Species infected with Wolbachia are indicated in bold.

Diagnostic screening for Wolbachia infection in Collembola

The presence of Wolbachia was tested via PCR amplification, specifically by targeting the Wolbachia 16S rRNA gene. Primary screening was performed on DNA samples extracted from multiple specimens (~100 individuals), with two sets of templates prepared for each collembolan line.
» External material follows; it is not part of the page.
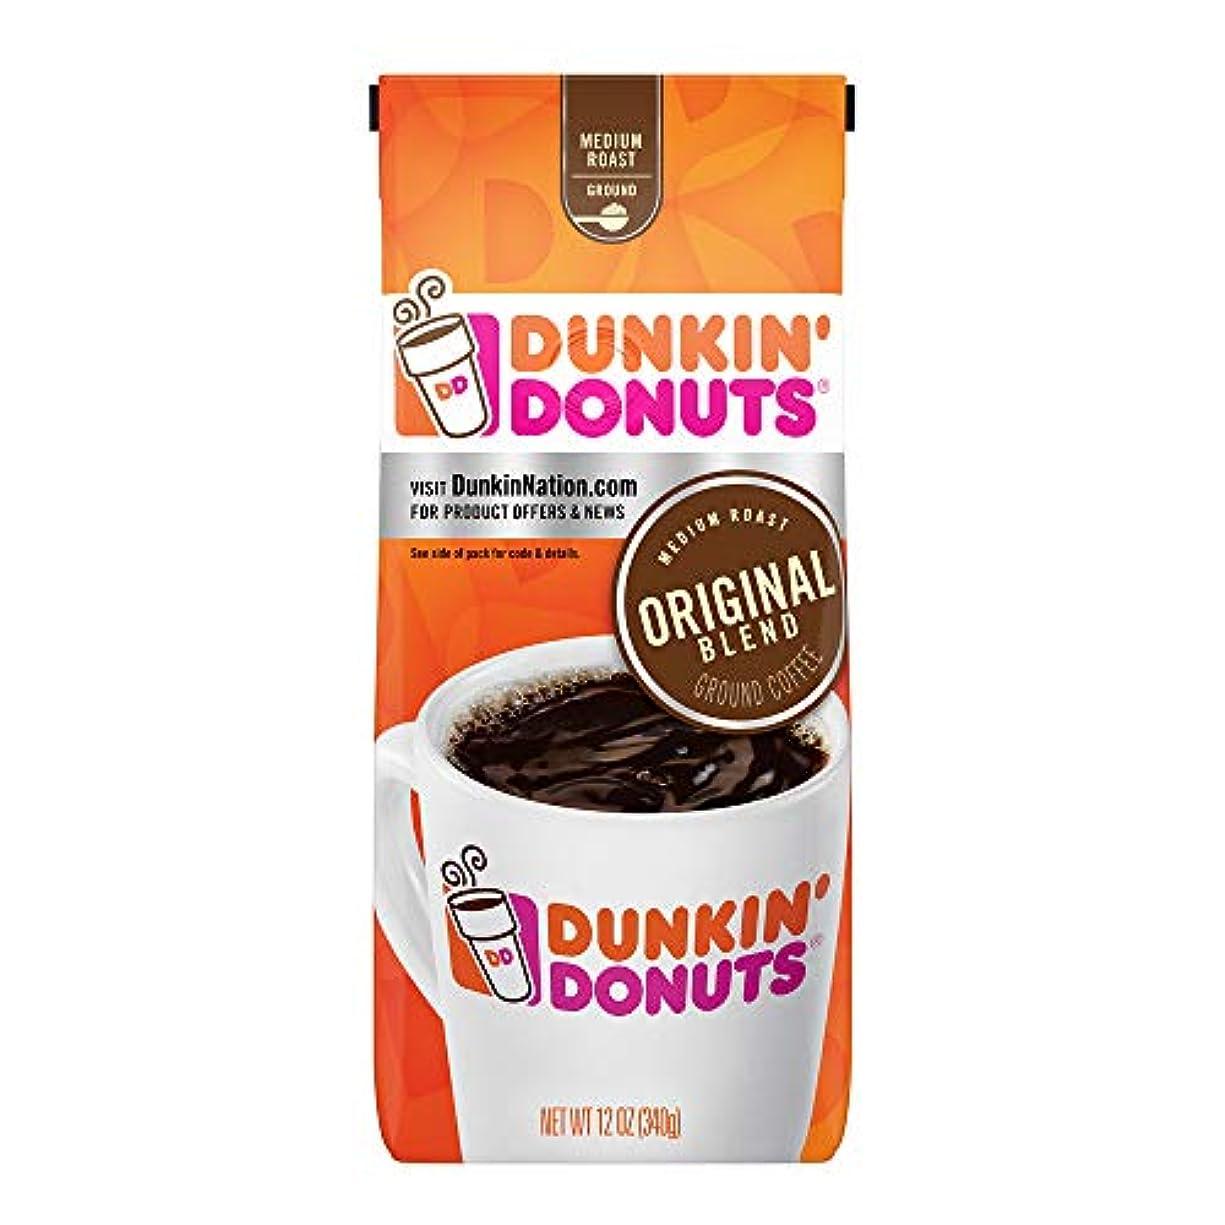 脚本家投獄その間Dunkin ' Donutsオリジナルブレンドグラウンドコーヒー

For each confirmed host species of Wolbachia, the prevalence was calculated according to the screening results from 10 individuals. All extractions were conducted with the Wizard® SV Genomic DNA Purification System (Promega). The primers employed for screenings are listed in Table S1.

Amplification and sequencing of Wolbachia and collembolan genes

For each collembolan species carrying Wolbachia, we amplified the following genes from single specimens: seven Wolbachia genes, including the 16S rRNA gene, five MLST loci (gatB, coxA, hcpA, ftsZ, and fbpA), and the wsp gene; three host genes, including the mtCOI, 18S, and 28S rRNA genes. The primers employed for each gene are listed in Table S1. The PCR program was set to the following specifications: 3 min at 94°C, followed by 40 amplification cycles (30 s at 94°C, 30 s at the annealing temperature specific to the different primers, and 1 min per thousand base pairs at 72°C) and a 10 min final extension at 72°C.
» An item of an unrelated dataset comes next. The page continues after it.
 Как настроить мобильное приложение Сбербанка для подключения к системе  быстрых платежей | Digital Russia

Most of the PCR products were sequenced directly using the same primers used for amplification, except that some wsp genes were cloned for sequencing. Briefly, purified fragments were ligated into the pMD 19‐T vector (Takara, Dalian) and transformed into competent Escherichia coli Top10 cells (TIANGEN). Putative positive clones were sequenced with M13 primers (Shanghai Sangon Biotech; Shanghai Sunny Biotechnology). DNA sequences were assembled with the embedded program Seqman from the DNASTAR package (Burland, 2000) and checked with BLAST at NCBI (http://blast.ncbi.nlm.nih.gov/Blast.cgi). Every gene sequence was verified from at least three individuals.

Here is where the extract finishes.